AVAILABLE DATA:
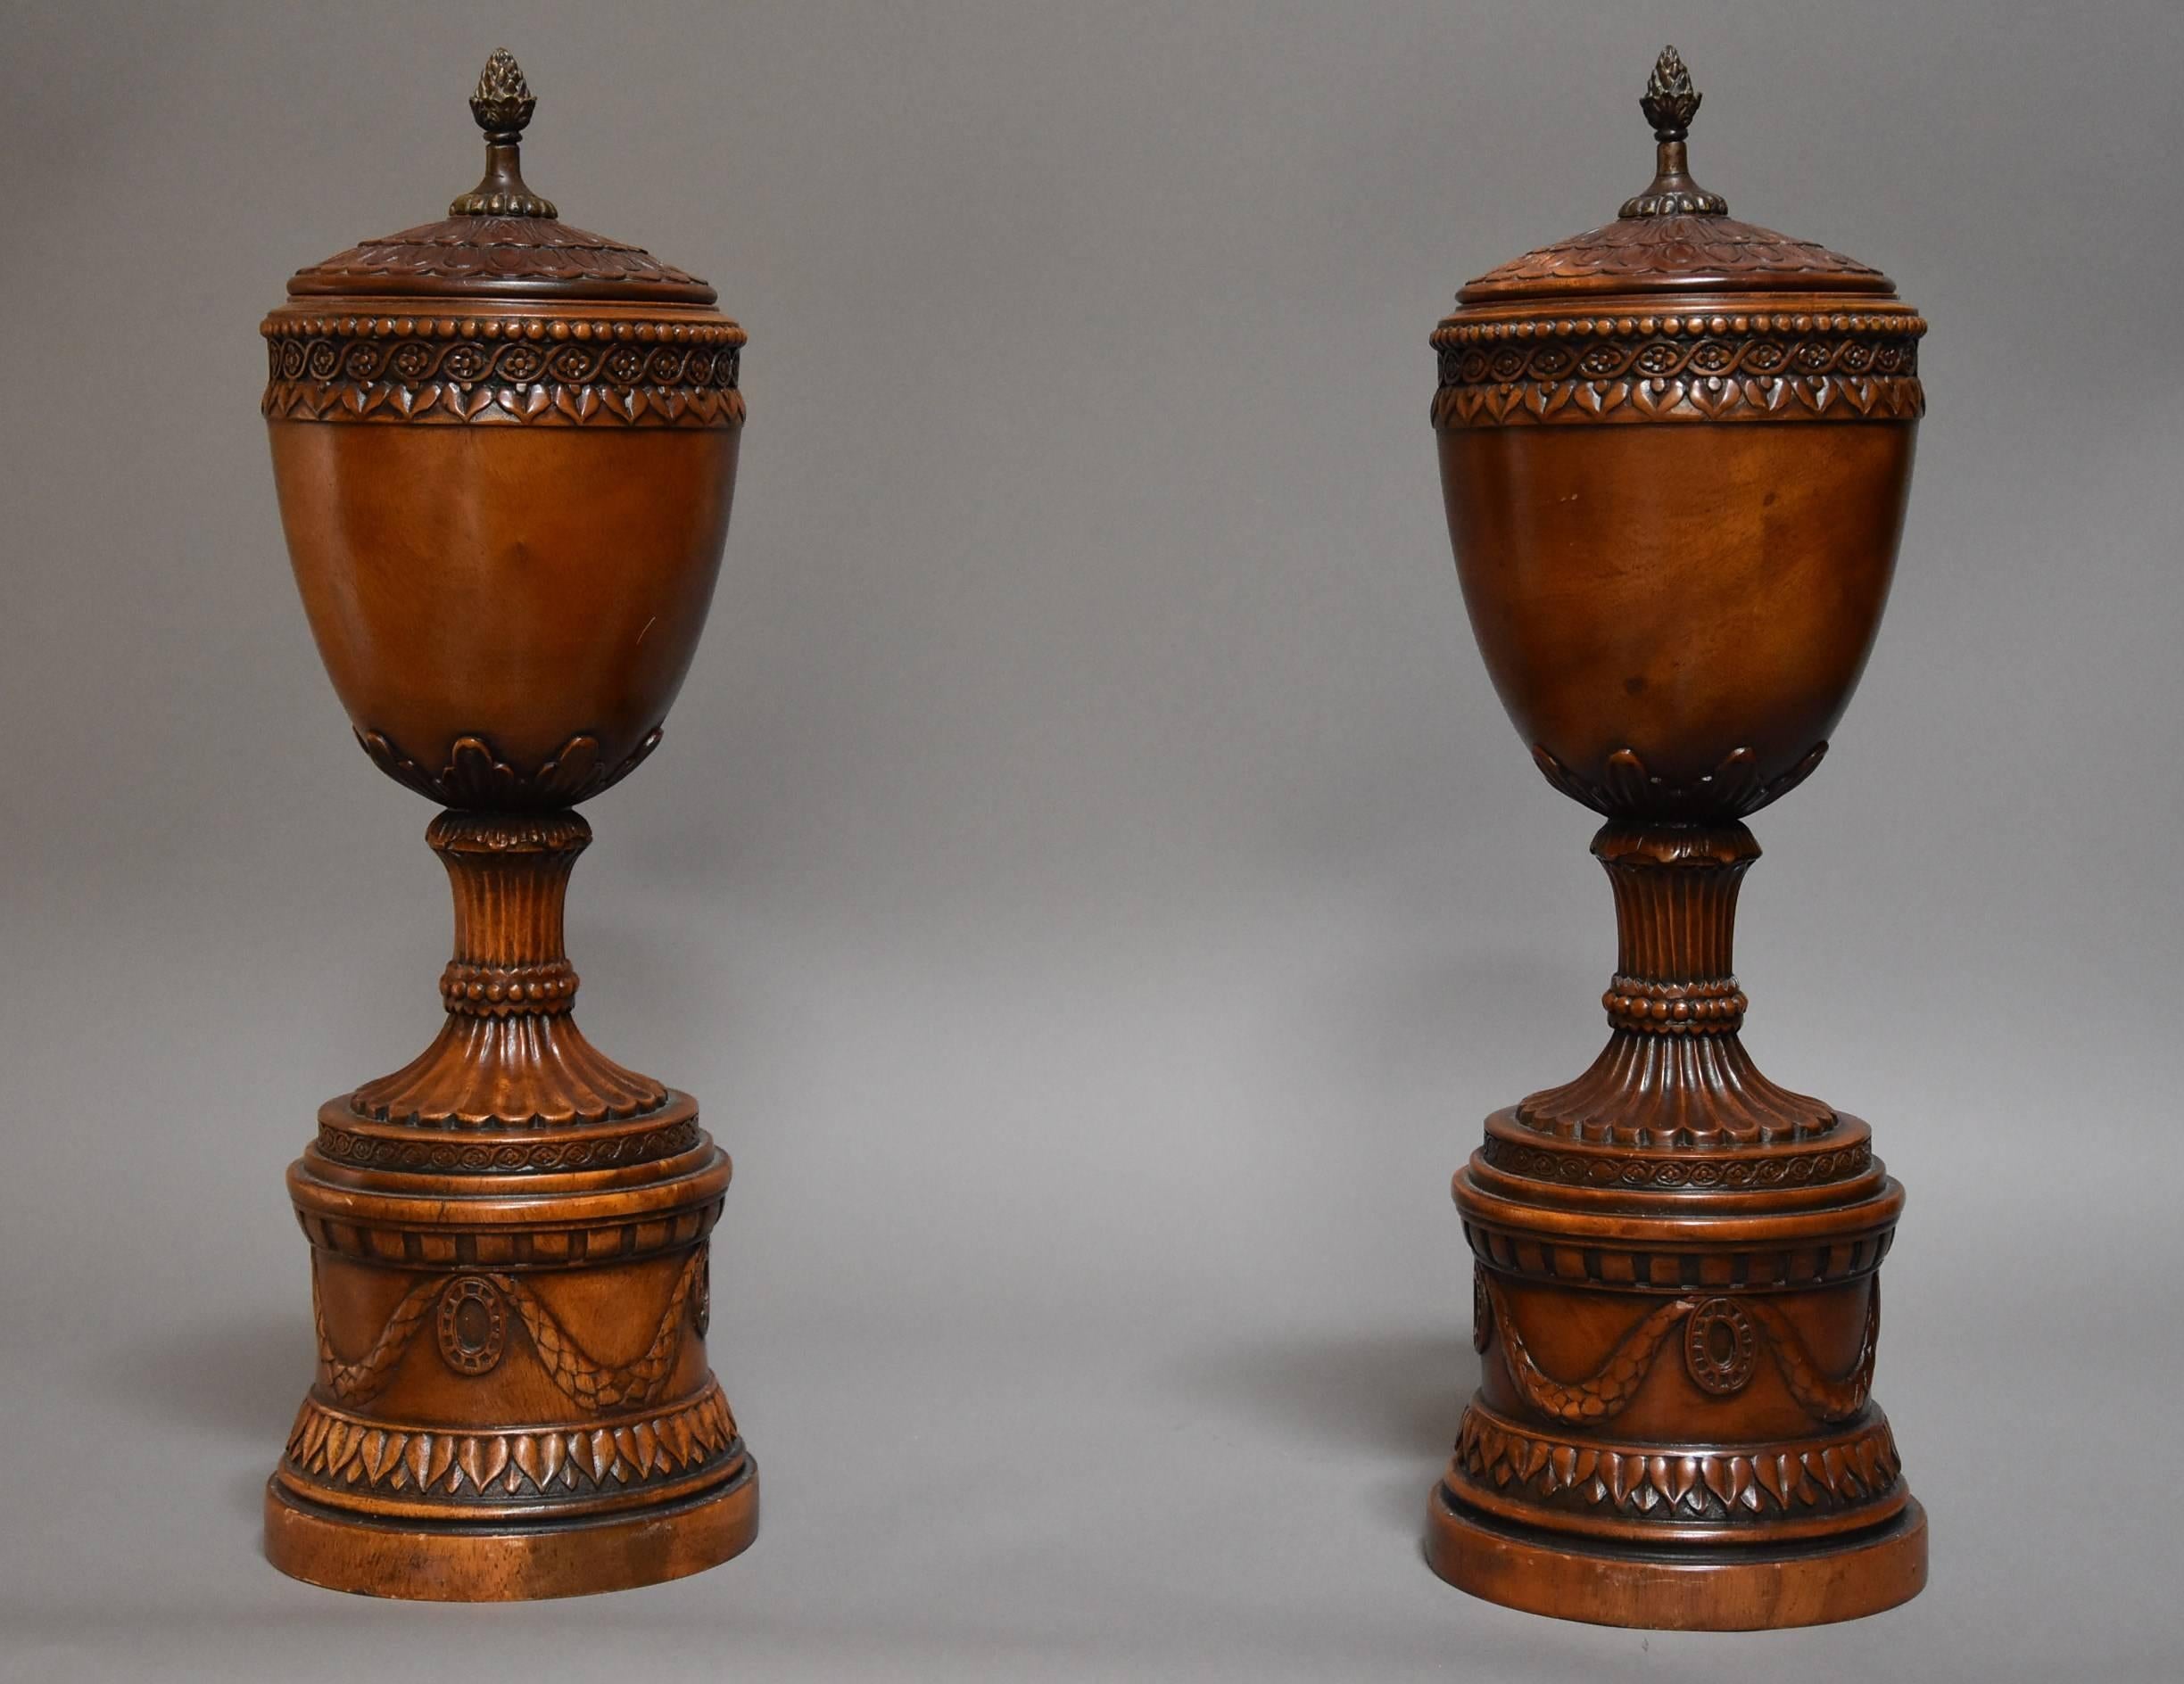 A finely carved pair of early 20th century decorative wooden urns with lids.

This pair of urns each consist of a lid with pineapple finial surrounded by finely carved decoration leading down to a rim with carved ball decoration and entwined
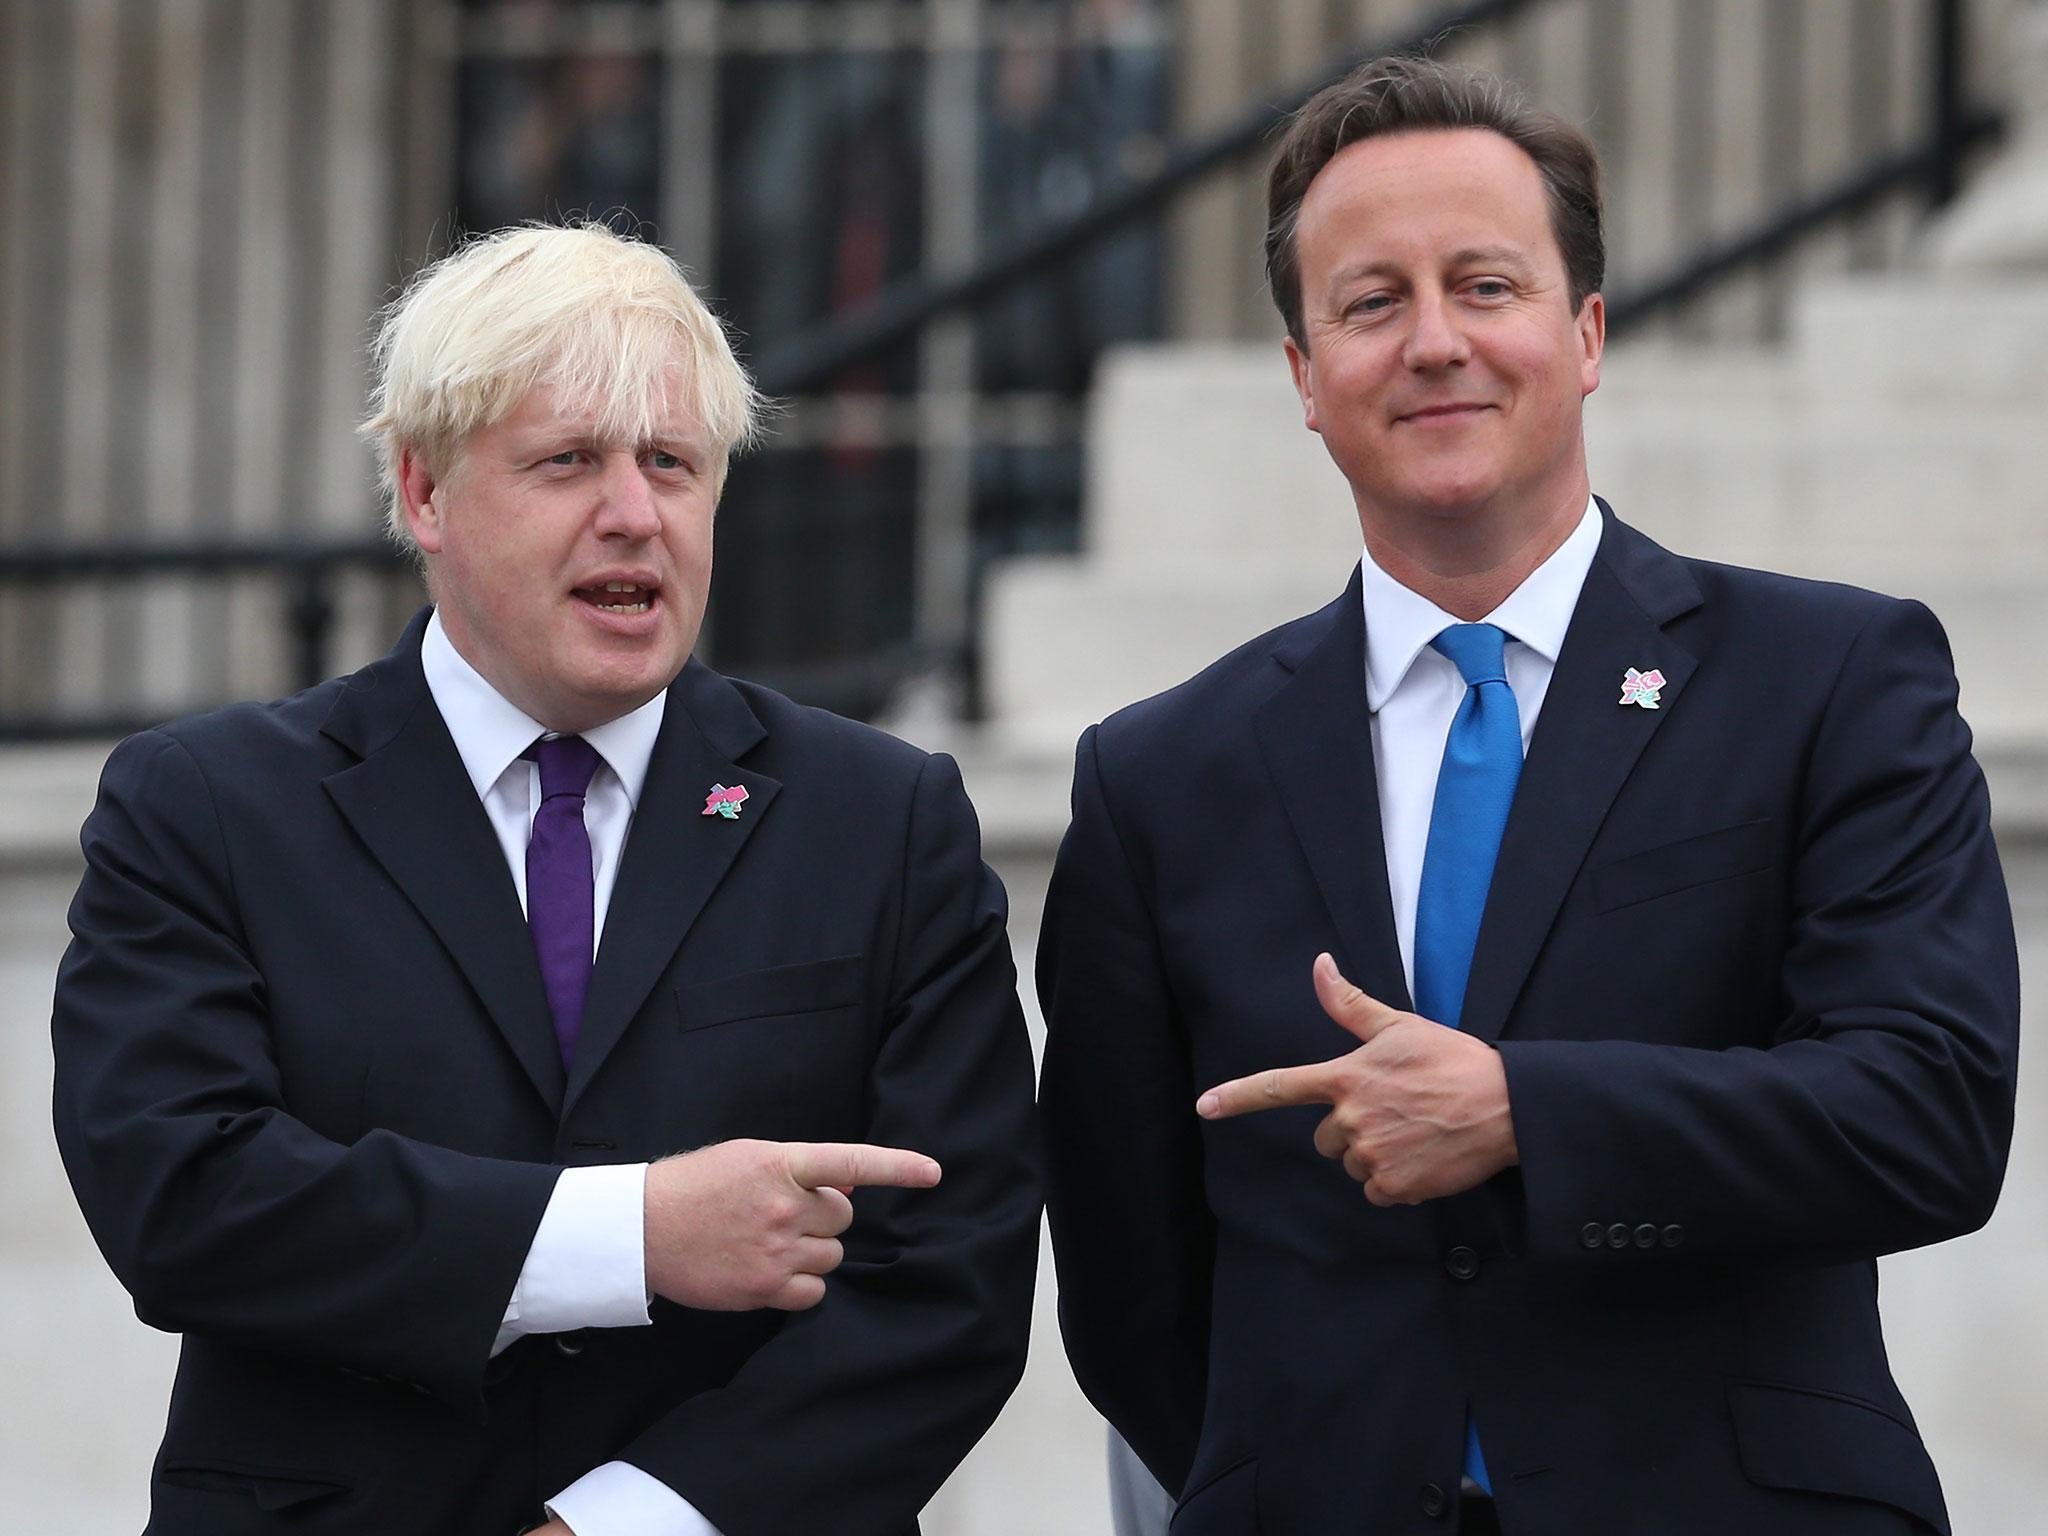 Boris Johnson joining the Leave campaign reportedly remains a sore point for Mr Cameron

WHAT TO PRODUCE: Reproduce exactly and only the lines from the line that contains "This pair of" to the end of the data above, both ends included. No pictures go in the copy.

SOLUTION FOR THIS EXERCISE:
This pair of urns each consist of a lid with pineapple finial surrounded by finely carved decoration leading down to a rim with carved ball decoration and entwined
 Boris Johnson joining the Leave campaign reportedly remains a sore point for Mr Cameron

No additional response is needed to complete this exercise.